This blog is part of our colourful countdown to the holiday season where we’re celebrating the diversity and beauty of the natural world. Click here to read the rest of the colour countdown series.

Natalia Cristina García from the Museo Argentino de Ciencias Naturales takes us on a journey into space and into the centre of a feather to explain how ultra-reflective colours are created by nature.

The title I chose for this blog is a word play with one of my favourite stories by H. P. Lovecraft, The colour out of space, originally published in 1927. I love finding small connections between the topics I research and anything pop-culture related, and when I first approached the study of colour evolution in birds, Lovecraft’s story about a new, unknown colour that arrived from outer space immediately came to my mind. Due to certain properties of birds’ eyes, their colour perception is quite different from ours, including the fact that many bird species can see ultraviolet light, thus perceiving colours no human has ever seen.

Another fact that fascinates me is the very different mechanisms that can be involved in the elaboration of plumage colouration, allowing birds to produce an incredible variety of hues. Blue plumages, for example, result from the interaction of rays of light with nanostructures inside the feather barbs. These barbs contain a spongy matrix, consisting of air bubbles immersed in a keratin matrix. Given the way these bubbles are spatially organised, light rays of short and very short wavelength are preferentially reflected by the feather surface, while other wavelengths are cancelled or absorbed by a layer of melanin pigments located below the spongy matrix.

I loved the idea of colours originating in the nano-space within the feather so much that I helped my colleague and friend Ana Barreira to study the colouration of the Swallow Tanager (Tersina viridis) for her PhD thesis, as a side project while I was doing my own PhD. This beautiful passerine can be found perching high in the trees of the Atlantic rainforest in South America. Dorsally, males of this species look either blue or light greenish-blue depending on the relative position of the observer and the light source.

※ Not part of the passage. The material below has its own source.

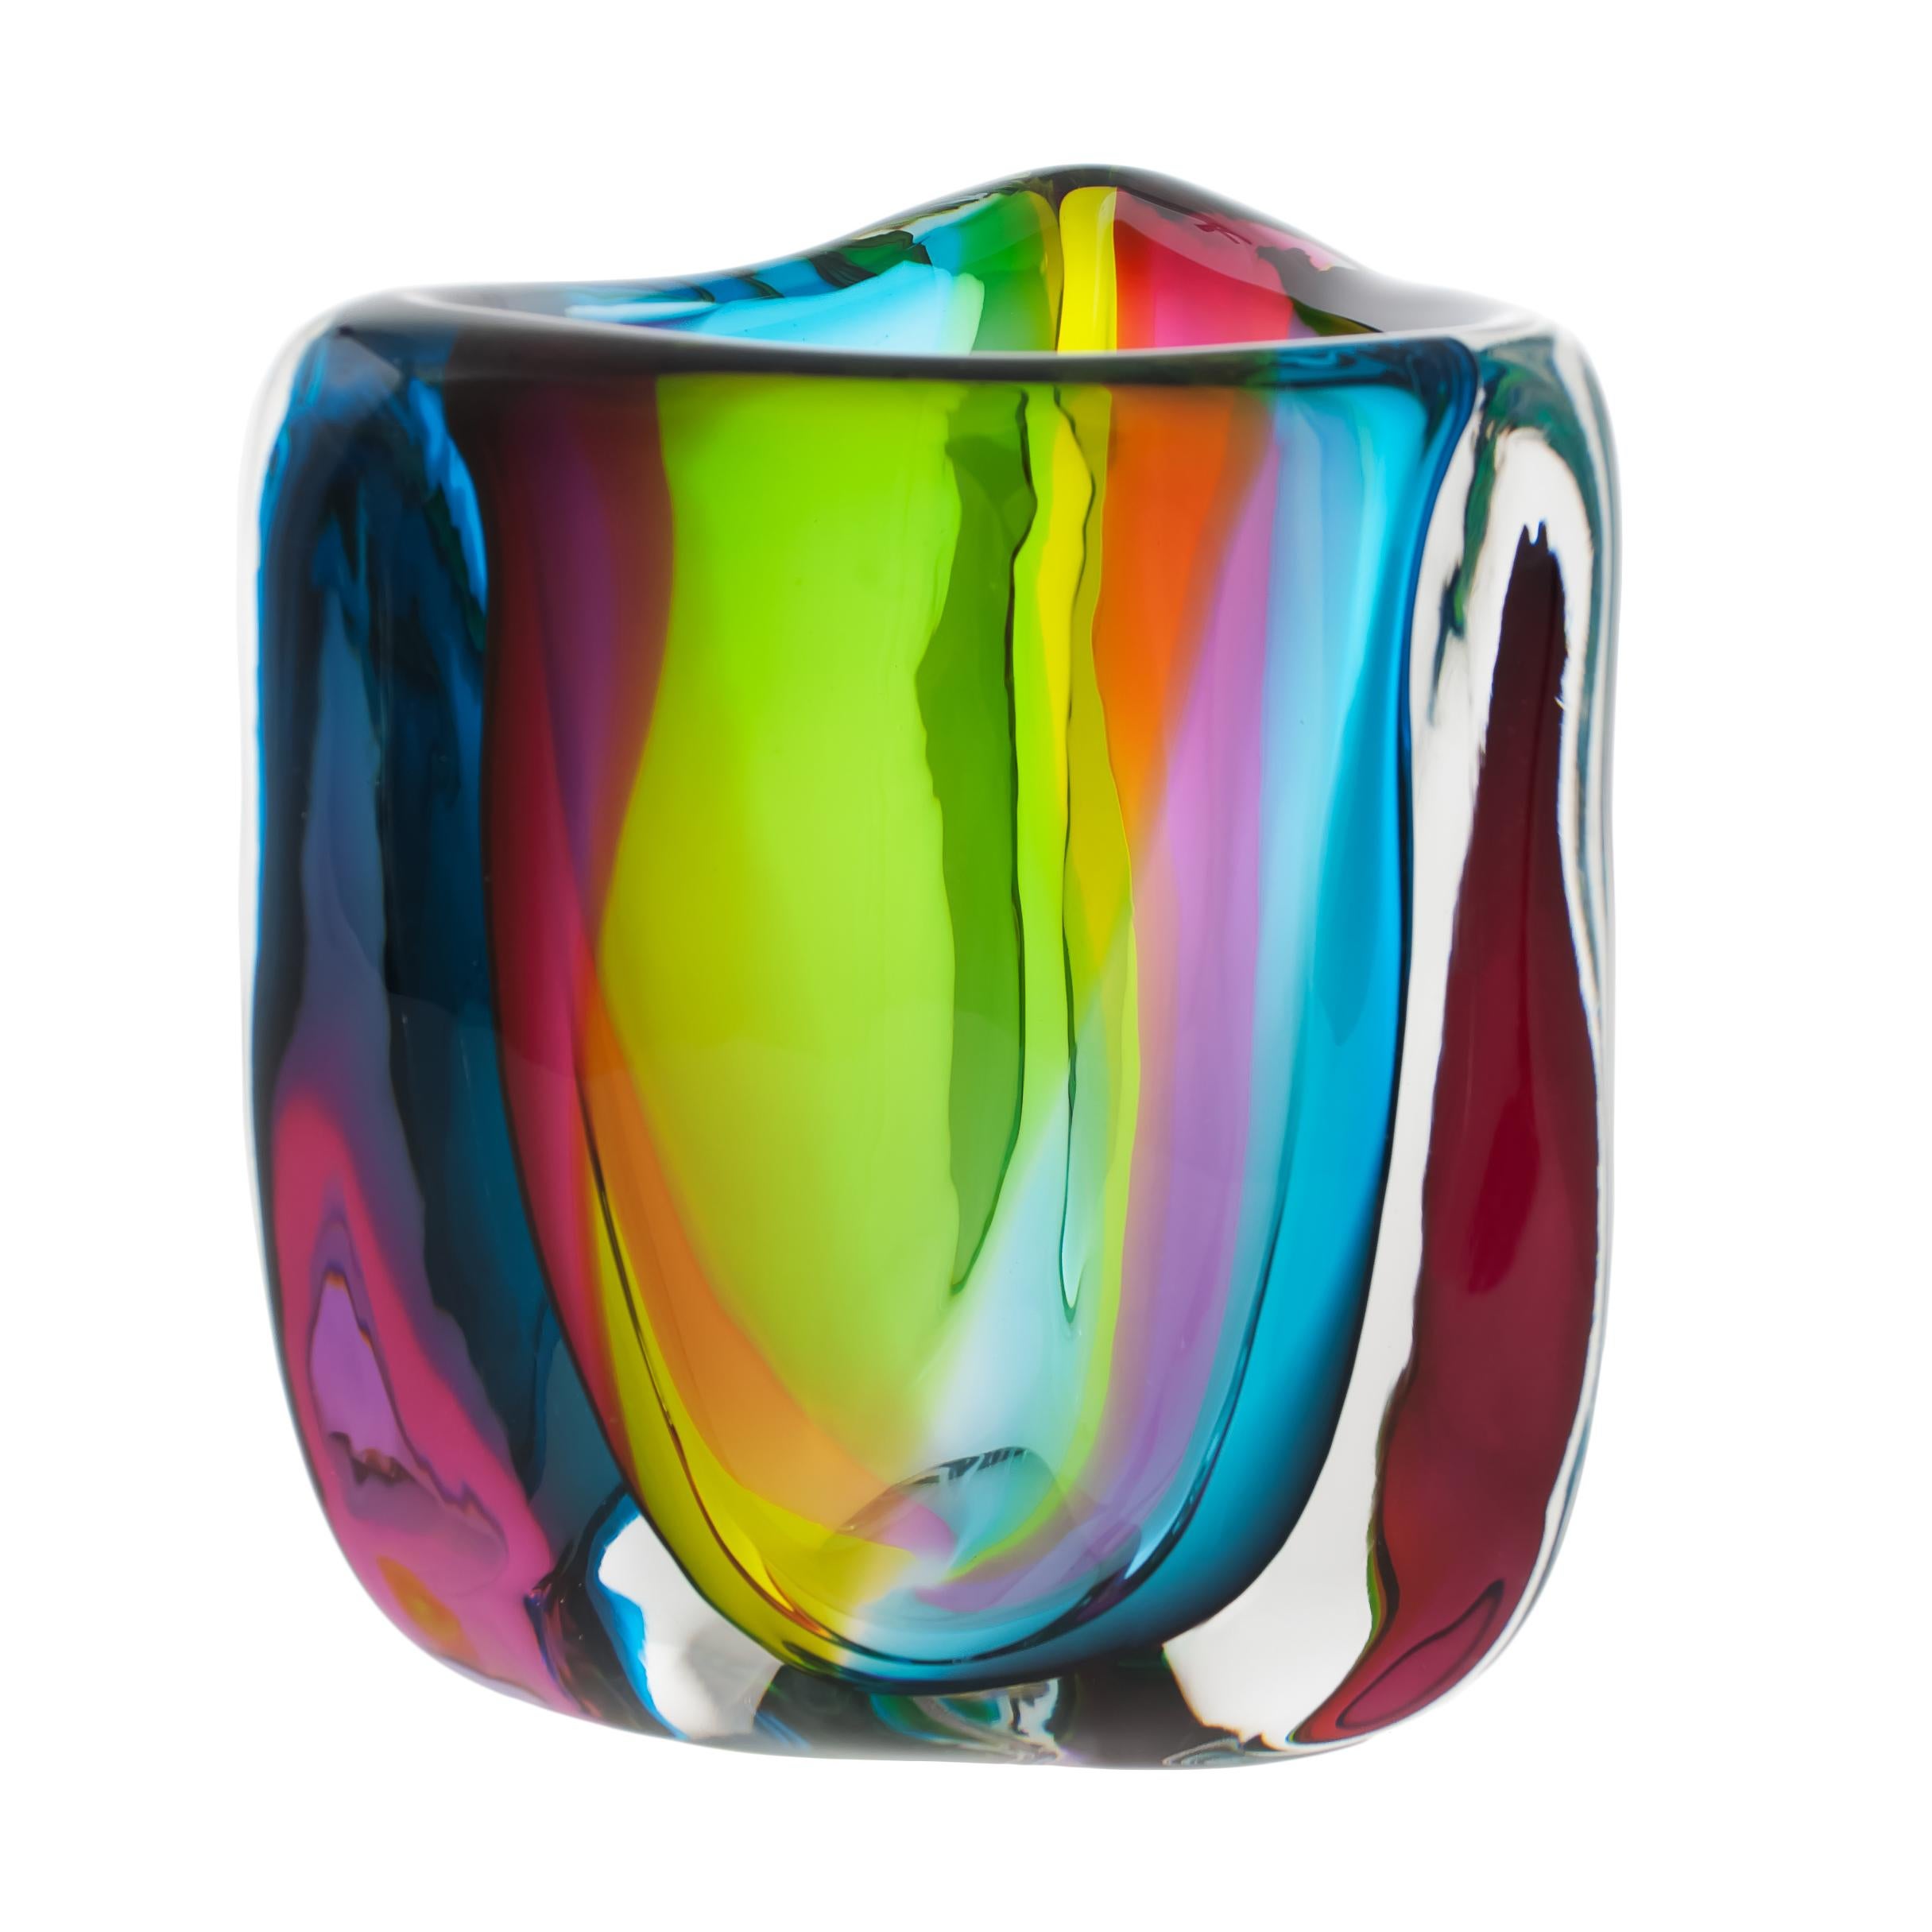 Modern Glass Vase, Chroma Low Triangle by Siemon & Salazar - Made to Order

More recently, we became curious about the white feathers in the ventral side of male swallow tanagers. White feathers in many species have a matrix of keratin and air within their barbs, but this matrix lacks any structural organisation, leading to a wavelength-independent scattering of light. This could have been the case of the white feathers of the swallow tanager, but we predicted we would find something different. More than a decade ago, colleagues from another lab compared a blue feather of a normal individual of Stellar’s Jay with a white feather from an amelanotic individual (an individual that had normal coloured plumage and then molted into an entire white plumage) of the same species. They found that the barbs of both feathers contained the expected normal, well-formed spongy structure that would produce a blue colouration. However, the lack of melanin was the key to the white colouration of the white individual. In an analogous way, we imagined the white feathers of the swallow tanager would lack melanin but would not differ dramatically in nanostructure from blue feathers.

With colleagues from the Museo Argentino de Ciencias Naturales and the Physics Department of the Universidad de Buenos Aires, we explored how feather nanostructure is combined with other elements (pigments and barb shape) in differently coloured plumage patches of the Swallow Tanager. We looked into the morphology of the greenish-blue feathers from the bird’s back and the white feathers from the belly, and measured light reflectance from both types of feathers. We first noticed that belly feathers are not uniformly white, but have a hint of light greenish blue colouration in their tips. Interestingly, we found that both plumage patches have a light reflectance peak around 550 nm (perceived as a greenish blue hue by humans), but this is much less intense in the belly. And, as we expected, we found that the barbs of both blue and white feathers have similar spongy matrices at their tips, consistent with their similar reflectance spectra. Why do they look so different then? The main differences between blue and white feathers was not the organization itself of the spongy matrix but its distribution (uniform across the barbs of blue feathers, reduced towards the rachis or central stem of the feather in the white feathers) and the lack of melanin pigments in the white feathers.

From a developmental point of view, this is interesting because we still do not know much about how birds manage to produce differently coloured feathers in their bodies. Our results contribute to the idea that drastic colour differences such as blue versus white do not require drastic changes in the internal nanostructures from which light is reflected, but instead these may be achieved through the regulation of pigment deposition and/or of the proportion of spongy matrix present. From an evolutionary perspective, we are still trying to understand if and how birds communicate information about their individual quality to competitors and potential mates. A widespread idea is that bright, conspicuous colours may be costly to produce. However, I think certain lines of evidence challenge this idea. For instance, we know that black feathers in some fairy-wren subspecies contain high quantities of melanin masking a nano-structure that would produce the same blue coloration exhibited by other populations of the same species. This makes me think, if feather nano-structure is costly to produce, why “waste” it in feathers that would end up looking white or black due to a lack or an excess of melanin? Our results, together with other studies, point at melanin content as rapidly changing between populations, species and plumage patches, suggesting that these pigments are key to understanding the diversity of colours observed in birds, including those whose production is attributed to nanostructures.